Pairwise difference in means 2-tail |t|-tests were performed to find the differences in mean RMS values, for a given technique and given Model, for different values of N. For Table 7, the difference of means between N = 5 and N = 10 for the RBF technique was significant with |t|-value (df = 9) of 6.86, with a mean value of RMS for N = 5 being lower at 0.4135 vs. approximately at 0.49 for the RBF with N = 10. A similar result was obtained for Normalized RBF with |t|-value (df = 9) of 6.35, with a mean value of RMS for N = 5 being lower at 0.4053 vs. approximately at 0.439 for Normalized RBF with N = 10. Using data for Model 2, the results were similar as well. For the RBF technique, the difference of means between N = 5 and N = 10 was significant with |t|-value (df = 9) of 4.49, with a mean value of RMS for N = 5 being lower at 0.3527 vs. approximately at 0.43 for the RBF with N = 10. For the Normalized RBF and Model 2, the difference of means between N = 5 and N = 10 was significant with |t|-value (df = 9) of 5.02, with a mean value of RMS for N = 5 being lower at 0.3526 vs. approximately at 0.42 for an RBF with N = 10. All differences in means between N = 7 and N = 5; and N = 7 and N = 10 were non-significant. When found significant, the differences in RMS means were significant at a 99% level of statistical confidence.

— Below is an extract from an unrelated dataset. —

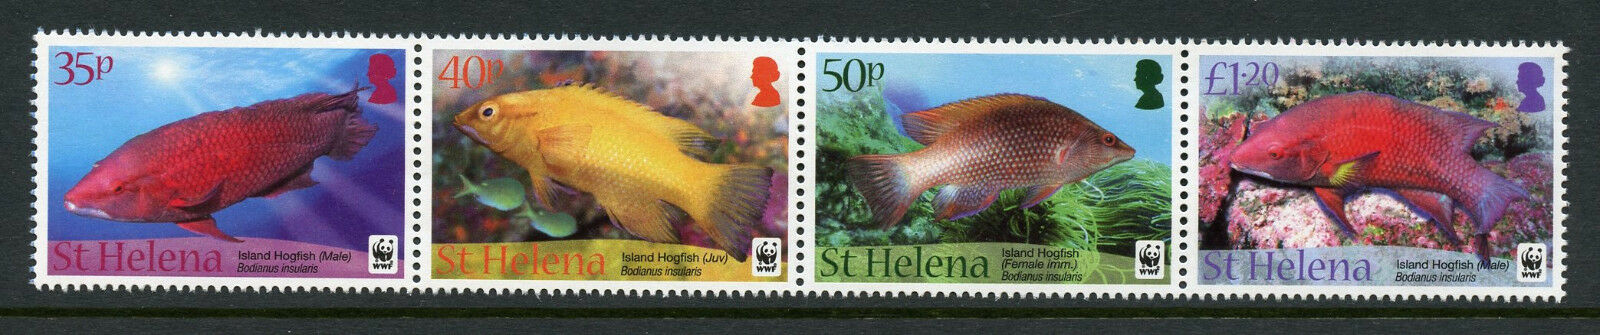 St Helena 2011 MNH WWF Island Hogfish 4v Strip Fish Fishes Marine Stamps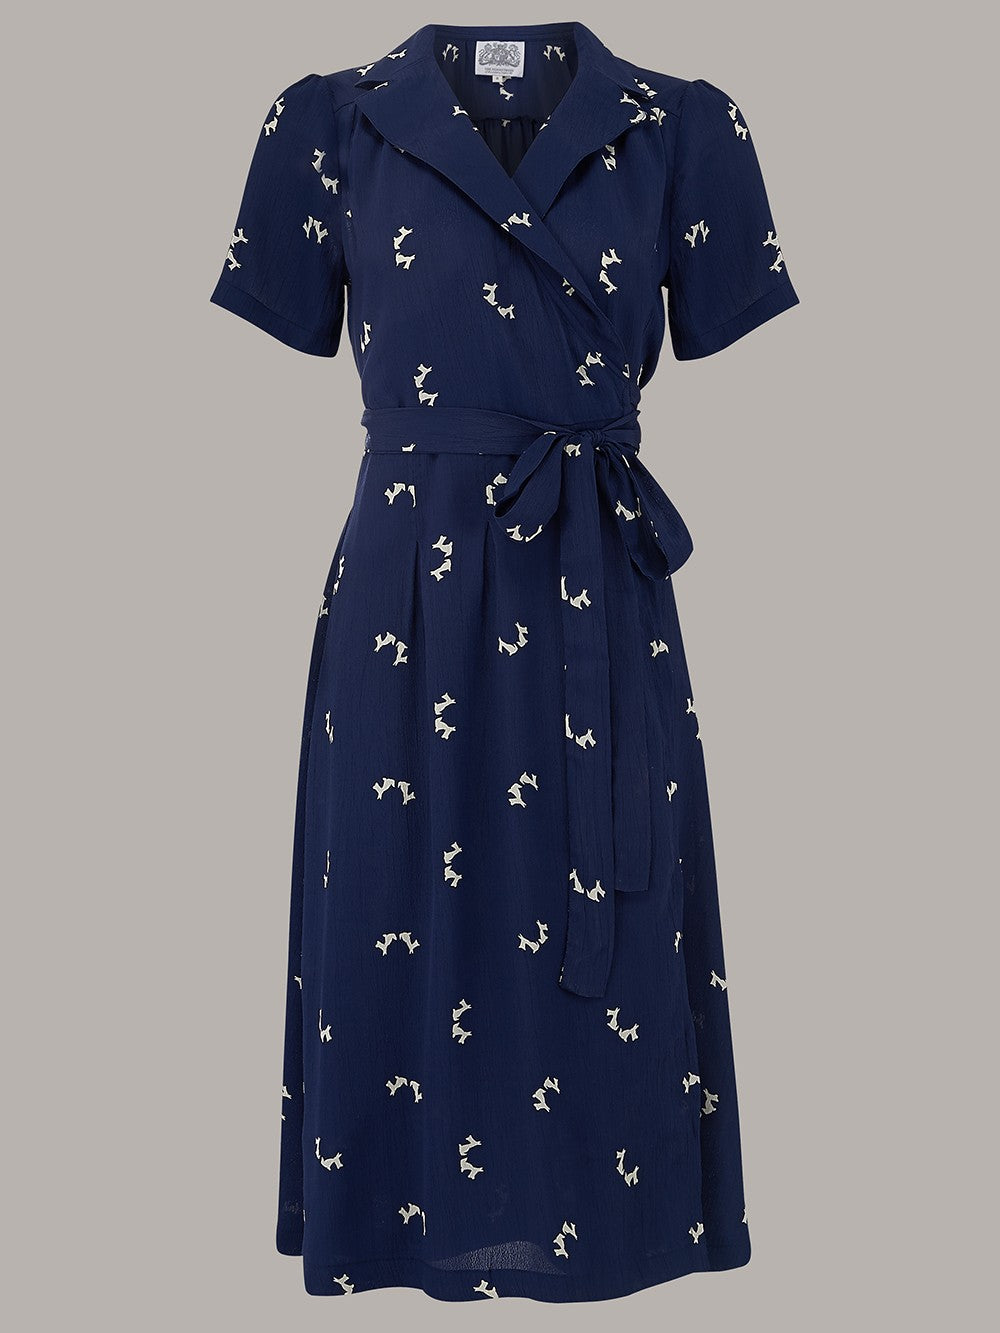 Rita 1940s Dress in Blue Doggy

The results indicate that smaller-size RBF (N = 5) does better than the RBF neural networks of size N = 10. Also, between the RBF-based interpolation model and the Normalized RBF-based kernel technique, no technique appears to be a clear winner because the differences in RMS means for best-performing RBF and Normalized RBF techniques at N = 5 are non-significant. The lowest RMS values, at N = 5, are nearly shared in equal numbers by both techniques. The RMS errors are fairly stable for both techniques for a fixed value of N, so picking either model for estimating the efficiency score should be sufficient. Generally, as shown in the illustrative example, larger-size neural networks with large values of N will increase the likelihood of zero membership clusters and smaller-size neural network models may be slightly better to use and may result in lower RMS errors. Unfortunately, there are no performance guarantees in deciding the number of hidden nodes for a neural network, and a designer is always better served in trying out a different number of hidden nodes before settling for the best model design. In simulated datasets, the values of true efficiency were known. In real-world datasets, the value of true efficiency will be unknown and ensemble models can also be used in lowering the estimation error between true efficiency and model-estimated efficiency scores.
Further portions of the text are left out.